Baptist seminary in Owensboro, Kentucky, US

Covenant Baptist Theological Seminary (CBTS) is a Reformed Baptist seminary in Owensboro, Kentucky, on the premises of Grace Reformed Baptist Church and led by President Sam Waldron. CBTS trains people who hold to the 1689 Baptist Confession of Faith to lead churches, domestically and internationally.

==History==
The Seminary was originally founded in 2005 as the Midwest Center for Theological Studies by Ted Christman, then pastor of Heritage Baptist Church in Owensboro, Kentucky. The seminary began with one faculty member, Sam Waldron, using a single classroom at Heritage Christian School. In August 2007 the seminary expanded temporarily to two rooms of a local law office, while the church made plans to build a $5.5 million, 38,000-square-foot addition to Heritage School. At that time, thirty to thirty-five students were taught by three faculty, including Waldron, with three adjunct professors.

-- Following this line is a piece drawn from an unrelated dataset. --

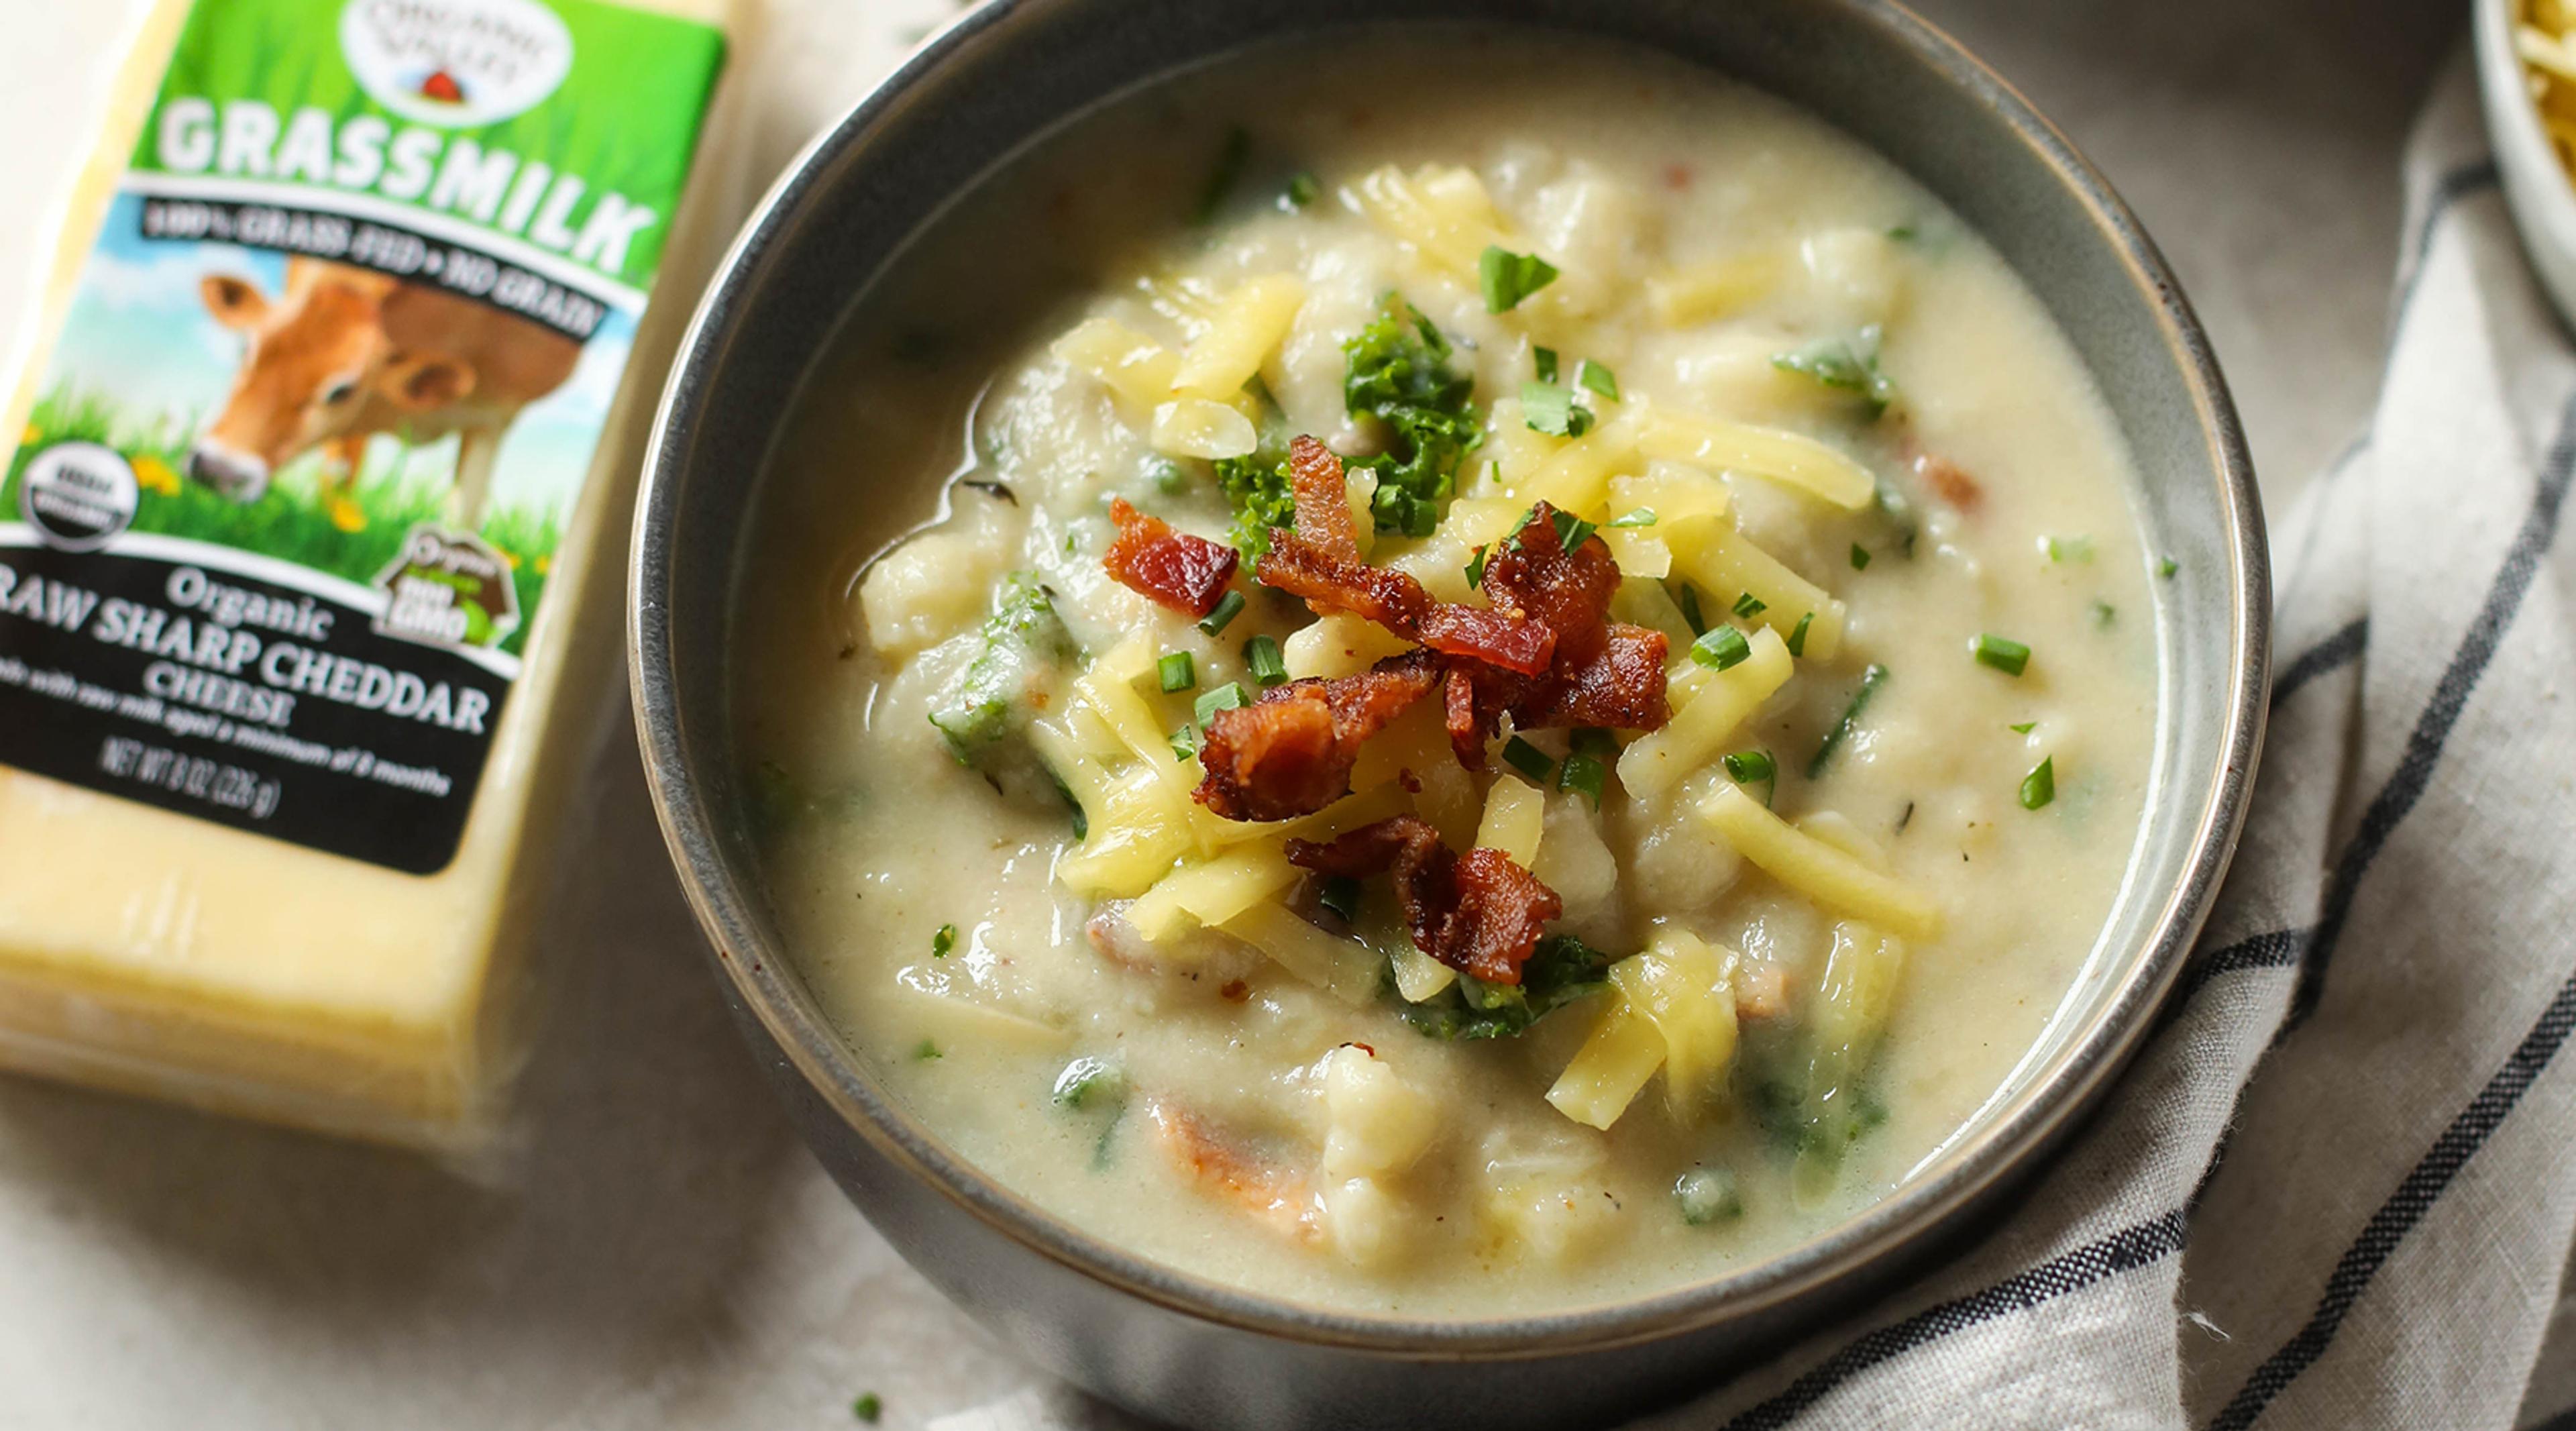 A bowl of Loaded Cheesy Cauliflower Soup using Organic Valley’s Grassmilk Cheddar, topped with bacon crumbles. Image credit: the Real Food Dietitians.

In 2015 the board of directors adopted the name Covenant Baptist Theological Seminary "in order to more clearly to indicate both the mission of the Seminary and its theological viewpoint". The seminary was recognized by the Association of Reformed Theological Seminaries in 2019, and started offering the Master of Divinity (M. Div), a standard theological degree.

In June 2023 the Seminary moved into the newly renovated property of Grace Reformed Church of Owensboro giving it greater capacity for enrollment.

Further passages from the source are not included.